═══ INPUT ═══
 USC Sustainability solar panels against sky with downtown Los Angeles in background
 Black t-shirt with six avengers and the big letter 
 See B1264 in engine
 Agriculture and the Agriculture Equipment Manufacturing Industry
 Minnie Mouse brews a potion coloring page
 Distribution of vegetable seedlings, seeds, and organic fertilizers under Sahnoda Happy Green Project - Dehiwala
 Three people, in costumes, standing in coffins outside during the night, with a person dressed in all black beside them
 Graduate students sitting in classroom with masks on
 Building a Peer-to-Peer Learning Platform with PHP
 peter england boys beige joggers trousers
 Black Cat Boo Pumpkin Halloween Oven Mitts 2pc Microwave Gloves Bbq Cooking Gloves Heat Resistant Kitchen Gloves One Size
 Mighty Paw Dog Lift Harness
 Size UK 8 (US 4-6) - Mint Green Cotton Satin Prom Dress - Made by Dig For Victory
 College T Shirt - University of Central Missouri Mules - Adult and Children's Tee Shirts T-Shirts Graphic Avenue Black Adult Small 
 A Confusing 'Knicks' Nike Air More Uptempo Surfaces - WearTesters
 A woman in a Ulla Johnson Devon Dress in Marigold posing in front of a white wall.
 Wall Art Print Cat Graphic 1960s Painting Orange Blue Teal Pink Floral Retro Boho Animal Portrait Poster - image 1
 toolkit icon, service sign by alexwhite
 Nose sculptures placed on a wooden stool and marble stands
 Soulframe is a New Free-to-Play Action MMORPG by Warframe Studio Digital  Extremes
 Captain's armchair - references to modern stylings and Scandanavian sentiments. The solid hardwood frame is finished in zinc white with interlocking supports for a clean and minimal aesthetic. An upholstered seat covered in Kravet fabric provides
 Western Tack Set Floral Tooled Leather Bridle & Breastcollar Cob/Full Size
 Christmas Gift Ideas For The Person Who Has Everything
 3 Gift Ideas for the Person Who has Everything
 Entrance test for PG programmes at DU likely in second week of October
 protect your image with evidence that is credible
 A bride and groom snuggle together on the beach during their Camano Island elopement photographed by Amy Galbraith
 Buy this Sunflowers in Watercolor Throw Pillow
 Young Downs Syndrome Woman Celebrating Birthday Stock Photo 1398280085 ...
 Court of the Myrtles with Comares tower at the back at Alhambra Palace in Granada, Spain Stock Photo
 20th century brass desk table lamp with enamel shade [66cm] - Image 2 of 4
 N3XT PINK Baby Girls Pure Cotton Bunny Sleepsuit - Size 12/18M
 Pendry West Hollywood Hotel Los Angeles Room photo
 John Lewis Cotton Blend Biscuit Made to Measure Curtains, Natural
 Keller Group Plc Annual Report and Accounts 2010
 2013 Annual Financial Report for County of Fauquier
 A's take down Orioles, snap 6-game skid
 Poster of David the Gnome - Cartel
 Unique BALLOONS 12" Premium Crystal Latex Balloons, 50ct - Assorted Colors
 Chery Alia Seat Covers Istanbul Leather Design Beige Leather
═══
PROBLEM TO SOLVE –
Collect each line above holding the string "during".

YOUR RESPONSE –
 Three people, in costumes, standing in coffins outside during the night, with a person dressed in all black beside them
 A bride and groom snuggle together on the beach during their Camano Island elopement photographed by Amy Galbraith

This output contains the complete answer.